Why US lawmakers want to ban TikTok


Chinese shortform video app popular for second time in four years TIC Toc is the target of lawmakers in United States of america,
US beyond 2020 presidential electionDonald Trump signed an executive order forcing the owner ByteDance The app was supposed to be sold within 90 days, but it failed after legal challenges.
Lawmakers are once again trying to force the sale of TikTok, creating a nationwide threat restrictions Otherwise of the app.
On Wednesday, the US House of Representatives voted 352-65 to force ByteDance to sell the app within six months or ban it from the Apple and Google app stores in the United States.
The bill now needs Senate approval to become law.
US President Joe Biden has vowed to sign it if it passes Congress.
Why does America want to ban TikTok?
Since its launch in 2016, TikTok has become a hugely popular app, with approximately 170 million users in the US.
According to third-party data, US users spend a lot of time on TikTok – an average of 60 to 80 minutes per day, compared to about 30-40 minutes on main rival Instagram.
Intelligence chiefs warn that TikTok has become a tool Chinese governmentWhich can be used to weaken American democracy.
The Office of the Director of National Intelligence warned this week that China's propaganda arm had reportedly targeted Democrat and Republican candidates ahead of the US midterm elections in 2022 and that agents fear the app could be used to influence the presidential election in November. Can be done to.
under china National Security According to the laws, the government has the power to compel TikTok owner ByteDance to provide access to US user data at any time if needed for intelligence gathering.
TikTok has repeatedly said it has never shared US user data with Chinese authorities and will not do so in the future even if asked.
The US bill also gives the President the power to designate as national security threats other apps under the control of a country deemed hostile to the United States.
Do the plans have widespread support?
The vote passed overwhelmingly in the House of Representatives – a rare moment of bipartisanship in politically divided Washington.
,[The TikTok ban] It's one of the rare topics that gets bipartisan support – it's basically a 'tough on China' policy,” Gene Munster, managing partner of Deepwater Asset Management, told YouTube followers on Tuesday.
But its fate in the Senate is not certain, as some lawmakers are reluctant to ban such a popular app during an election year.
White House national security adviser Jake Sullivan said this week that the goal is to end Chinese ownership — not ban the app. “Do we want TikTok, as a platform, to be owned by an American company or owned by China? Do we want TikTok's data – kids' data, adults' data – to stay right here in the US or Go to China?,” Sullivan said.
The American Civil Liberties Union (ACLU) warned in a statement that the ban would “violate the First Amendment rights of the millions of Americans who use the app to communicate and express themselves daily.”
“We are deeply disappointed that our leaders are once again attempting to trade our First Amendment rights for cheap political gain during an election year,” said Jenna Leventoff, senior policy advisor at the ACLU.
TikTok users received notifications through the app encouraging them to contact their local representatives to protest the potential ban, leading to a flurry of complaints.
The new powers prompted some technology analysts to label the bill a “Trojan horse” because it would allow lawmakers to shut down foreign websites as well as apps.
Others believe the measure risks alienating young American voters, who are more likely to use TikTok.
The measure has become even more complicated as Donald Trump has made a U-turn on his position. While he still thinks TikTok is a national security threat, he warned that a ban would benefit rival Facebook, which he holds partly responsible for his defeat in the 2020 election.

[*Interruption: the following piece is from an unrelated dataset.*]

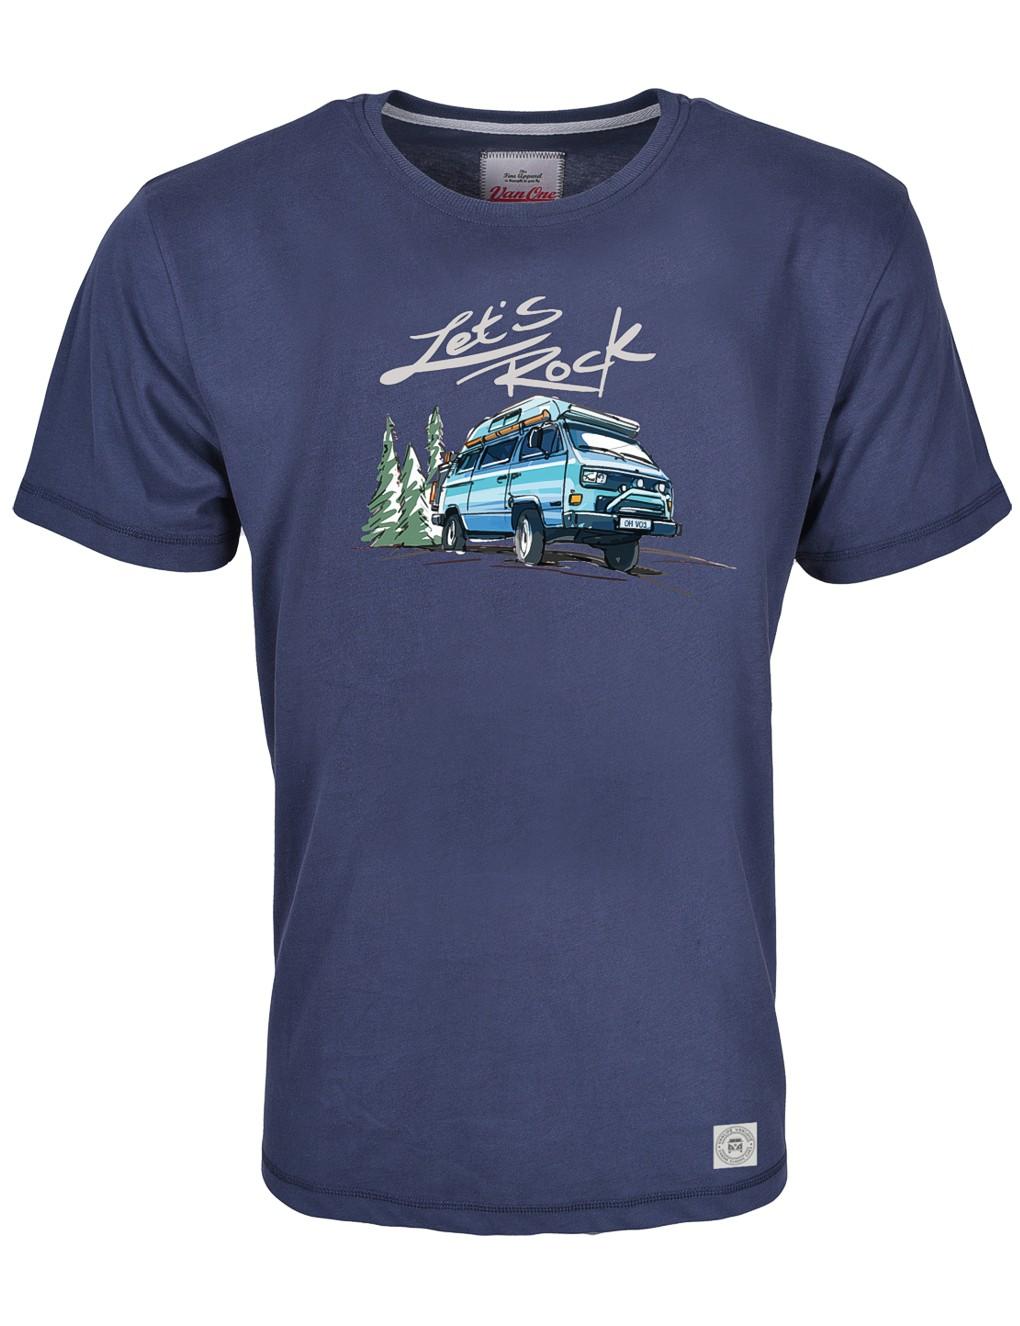 Herren T-Shirt VW Bulli »LETS ROCK« Blau

How will ByteDance react to the China ban?
Bloomberg News reported on Wednesday that, if the bill passes, ByteDance has vowed to face all legal challenges before considering selling the app. The business publication cited people familiar with the matter as saying that divestment was considered a last resort for the firm.
“This latest legislation, being passed at unprecedented speed without the benefit of a public hearing, raises serious constitutional concerns,” TikTok vice president of public policy Michael Beckerman said in a letter to the bill's co-sponsors.

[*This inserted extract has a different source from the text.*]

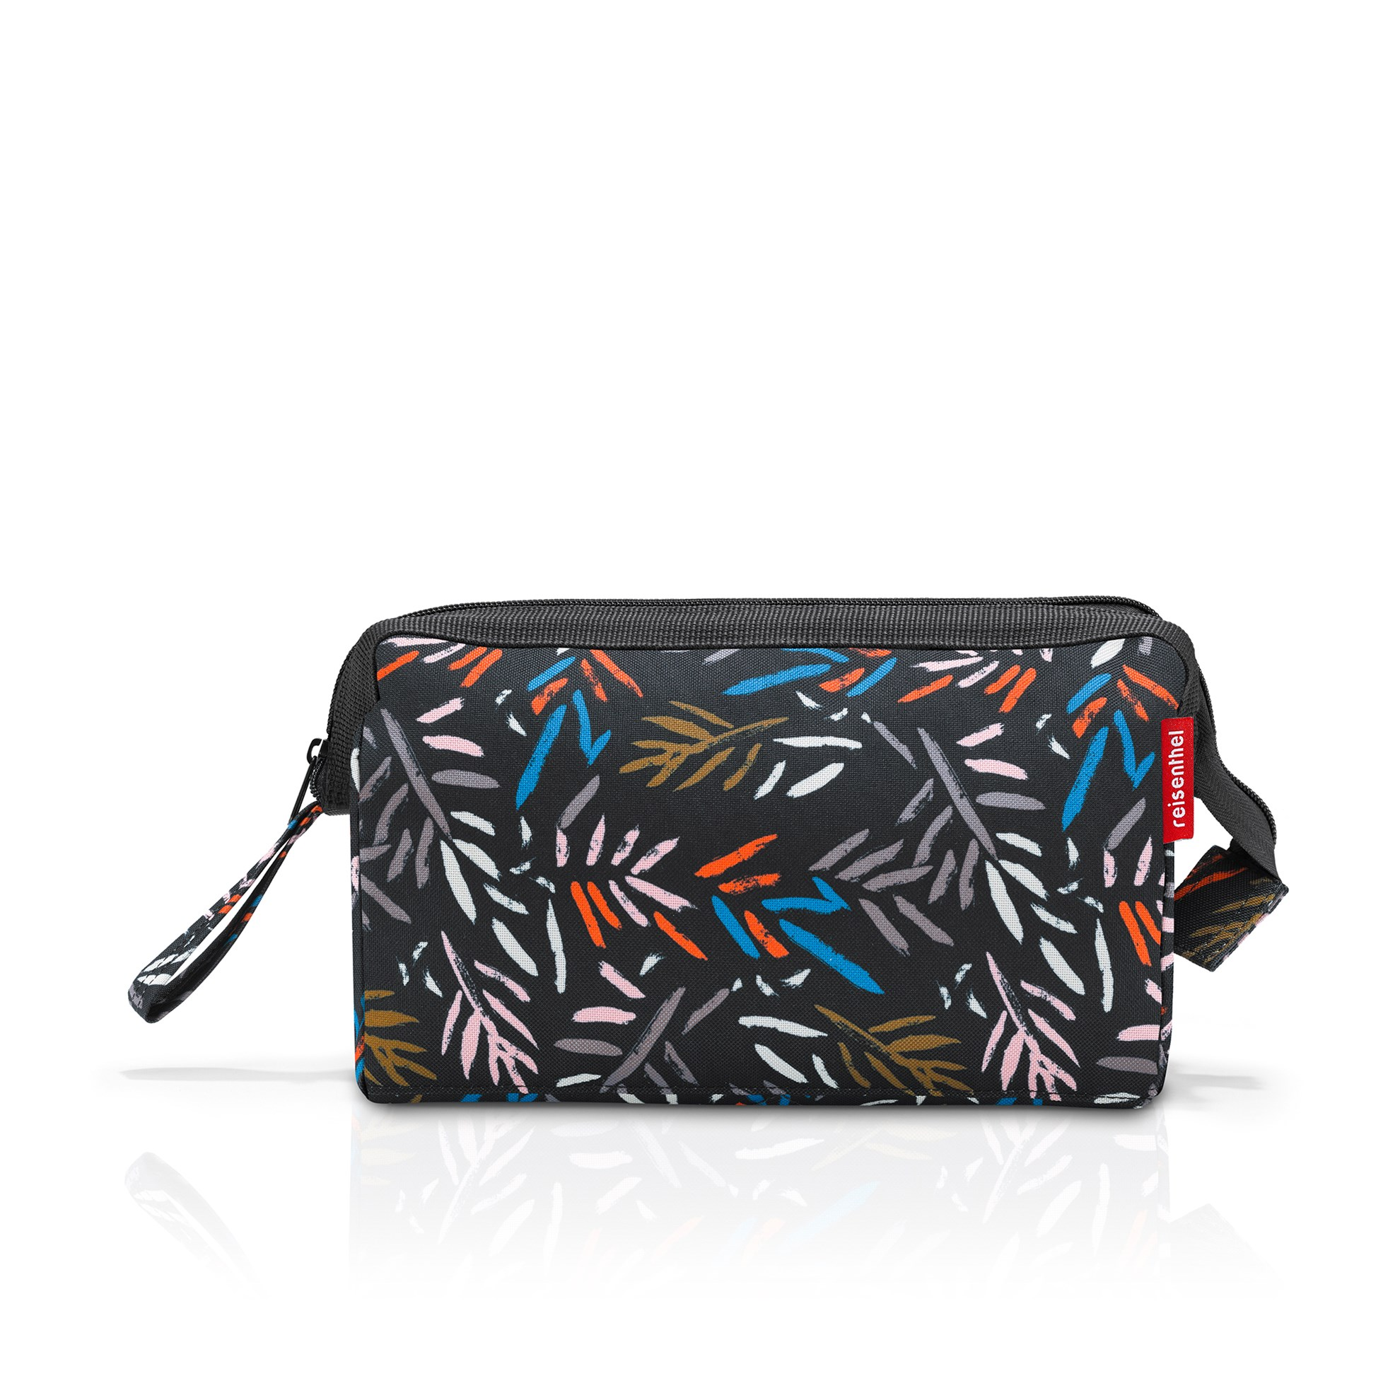 Kosmetická taška Travelcosmetic autumn 1_1

China's government warned on Wednesday that the sanctions would “inevitably harm the United States,” without providing any further details.
Foreign Ministry spokesman Wang Wenbin said, “Although the United States has never found evidence that TikTok poses a threat to US national security, it has not stopped suppressing TikTok.”
He said, “Such bullying behavior that cannot be won in fair competition disrupts the normal business activity of companies, damages international investor confidence in the investment environment and harms the normal international economic and trade order.” Is.”
During the US-China trade war, Beijing has often responded to sanctions imposed by Washington with tit-for-tat measures.